Кашкин с любовью смотрит на друга.
— Ты, сударь мой, вернул их сторицей. Однако ж если твой Алексей не позаботится о том, чтобы в моей комнате не дуло от окна, как это случилось в прошлый мой приезд в твое новое домовладение, я начну свой очередной музыкальный фельетон со следующей фразы: "У маститого русского композитора П. Чайковского дует изо всех окон и дверей, что, однако, не мешает ему быть посещаемым не только насморком, а еще и вдохновением…"
"Вдохновение рождается… во время труда"
На этот раз Вена показалась Чайковскому неуютной, излишне шумной и вовсе не музыкальной.
Особенно рассердился Петр Ильич на устроителя концертов при театрально-музыкальной выставке, некоего господина Гутмана, который снял под концертный зал огромный, похожий на сарай, ресторан. Помимо того, что в нем была никудышная акустика, Чайковский никак не мог представить, как можно слушать серьезную музыку и одновременно жевать чесночную колбасу, запивая ее пивом. А тут еще и оркестр оказался слабым, совсем беспомощным. Петр Ильич вовсе пал духом, не зная, как ему быть. Он тушевался под пристальным благоговейным взглядом оркестрантов, ожидавших чуда от "знаменитого русского". Однако же никакого чуда в подобной обстановке произойти не могло.
В разгар репетиции в зал почти влетела очаровательная моложавая дама и, проворно вскочив на подиум, где размещался оркестр, принялась душить в объятьях окончательно растерявшегося капельмейстера.

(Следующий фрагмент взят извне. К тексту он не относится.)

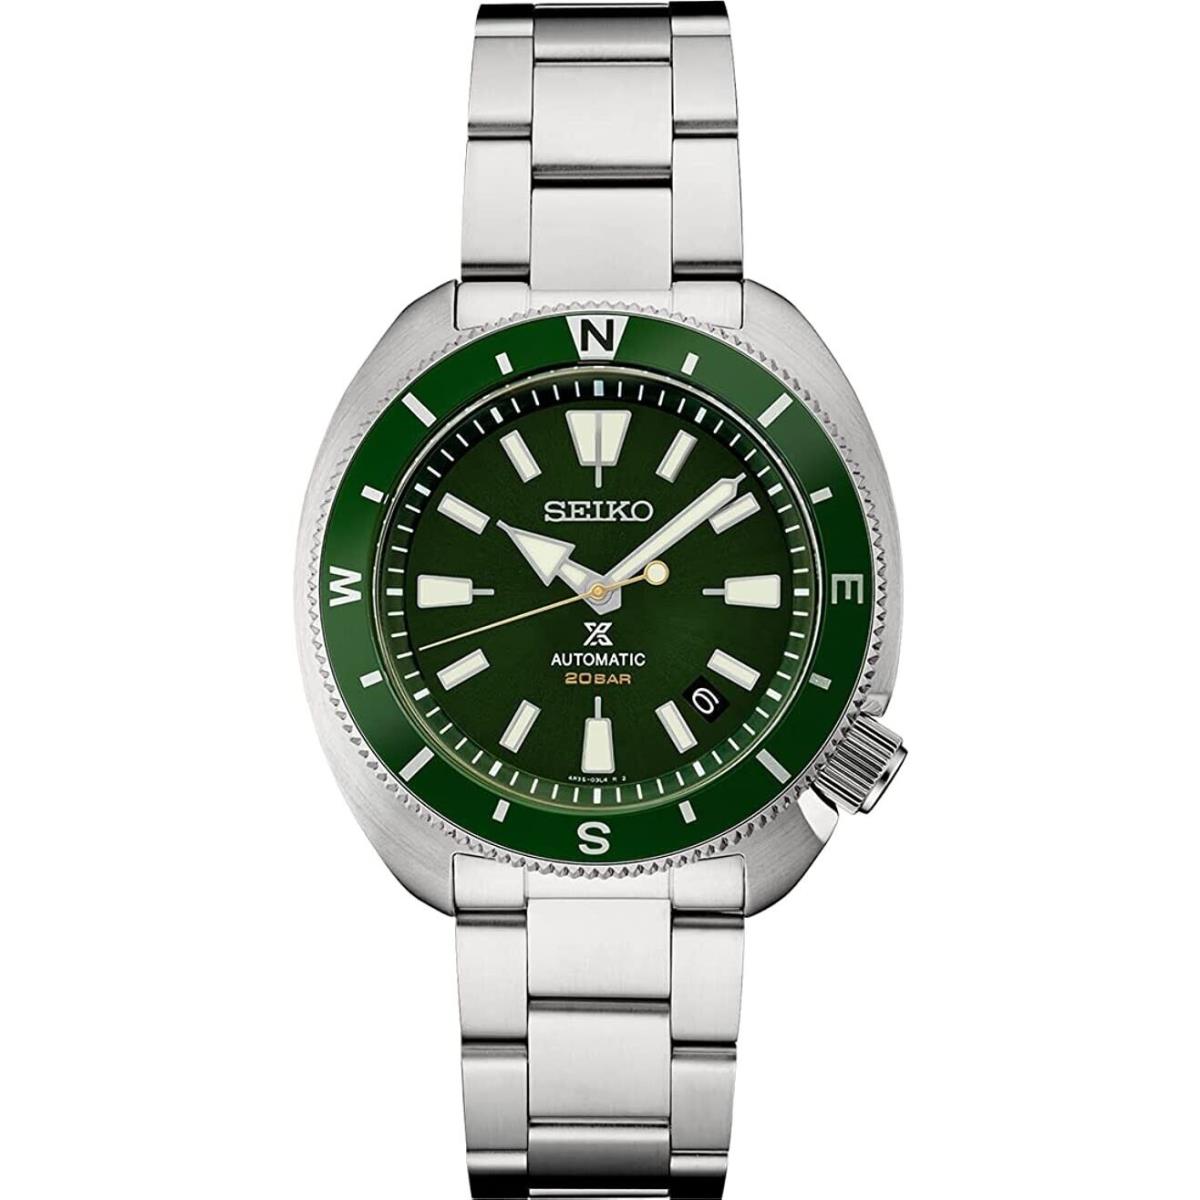 Seiko Prospex Automatic Green Dial Stainless Steel Men s Watch SRPH15 - Green Dial

— О дорогой мой Петр Ильич, как же я рада, рада! — твердила дама, в которой Чайковский наконец узнал блистательную венгерскую пианистку с мировой славой Софи Ментер. — Мы с Базилем так спешили к вам. Однако ж вы чем-то расстроены? В чем дело? — Ментер вопрошающе глядела на Петра Ильича. — Ах, я понимаю вас — с таким оркестром каши не сварить, как говорят в России. Вы же, разумеется, ни в коем случае не хотите ударить в грязь лицом. Видите, сколько чудесных поговорок я вывезла из вашей славной страны? — Глаза Ментер лукаво блеснули из-под изящной соломенной шляпки. — А что, если нам поручить расхлебывать всю эту кашу тому, кто ее заварил? — Она старательно и с особым наслаждением выговаривала русские слова. — Так, кажется, говорят в России? И укатить в мой средневековый замок в Тирольских горах? Тем более, что, как я понимаю, герр Гутман не удосужился доставить в свою презренную ресторацию мой любимый "Бехштейн".

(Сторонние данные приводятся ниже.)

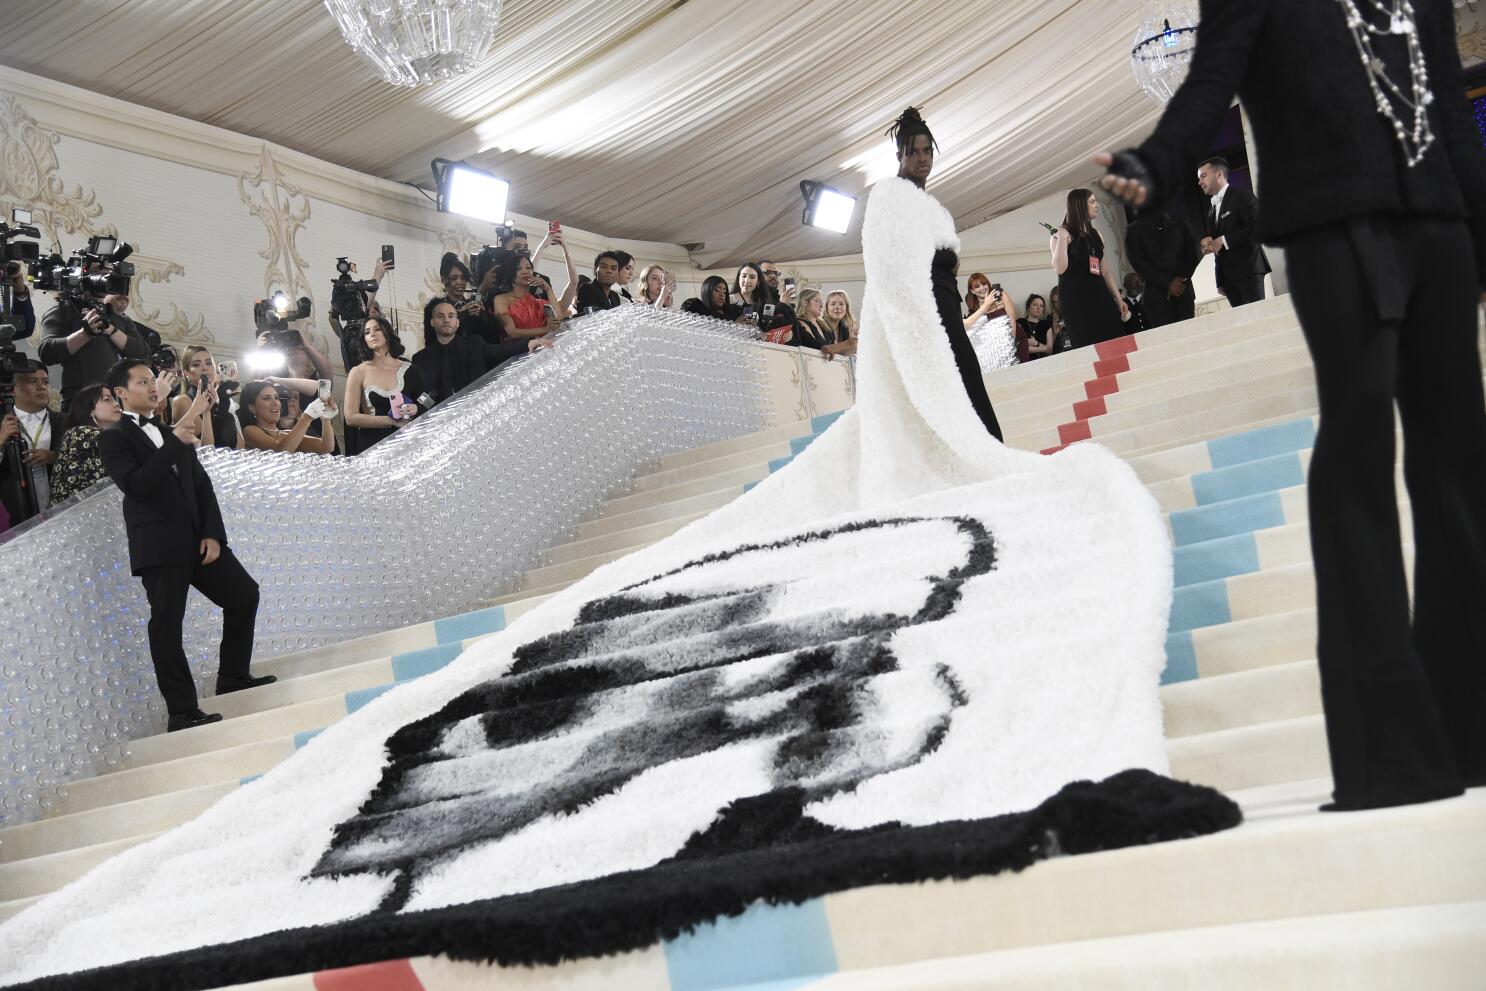 Met Gala 2023: Did These Celebs Shade Karl Lagerfeld With Their Outfits?

— Мадам, если угодно, я доставлю вам хоть звезду с неба, — пообещал подоспевший Гутман.
— Она у меня уже есть. — Софи нежно, но властно взяла Чайковского под руку, и они вместе спустились с подиума. — Итак, милый Петр Ильич, если не возражаете, перекусим где-нибудь на свежем воздухе — и в путь.
Чайковский не возражал. Он очень подружился с Софи Ментер в те времена, когда она преподавала в Петербургской консерватории, восхищался ее романтичным, темпераментным исполнением фортепьянной музыки Шопена, Шумана, Листа, ценил в ней умного, доброго собеседника, отзывчивого друга. Ну, а что касается ее спутника и ученика, Василия Сапельникова, этот юноша прочно завоевал его сердце еще четыре года назад, когда дебютировал в Гамбурге с его Первым фортепьянным концертом и произвел настоящую сенсацию.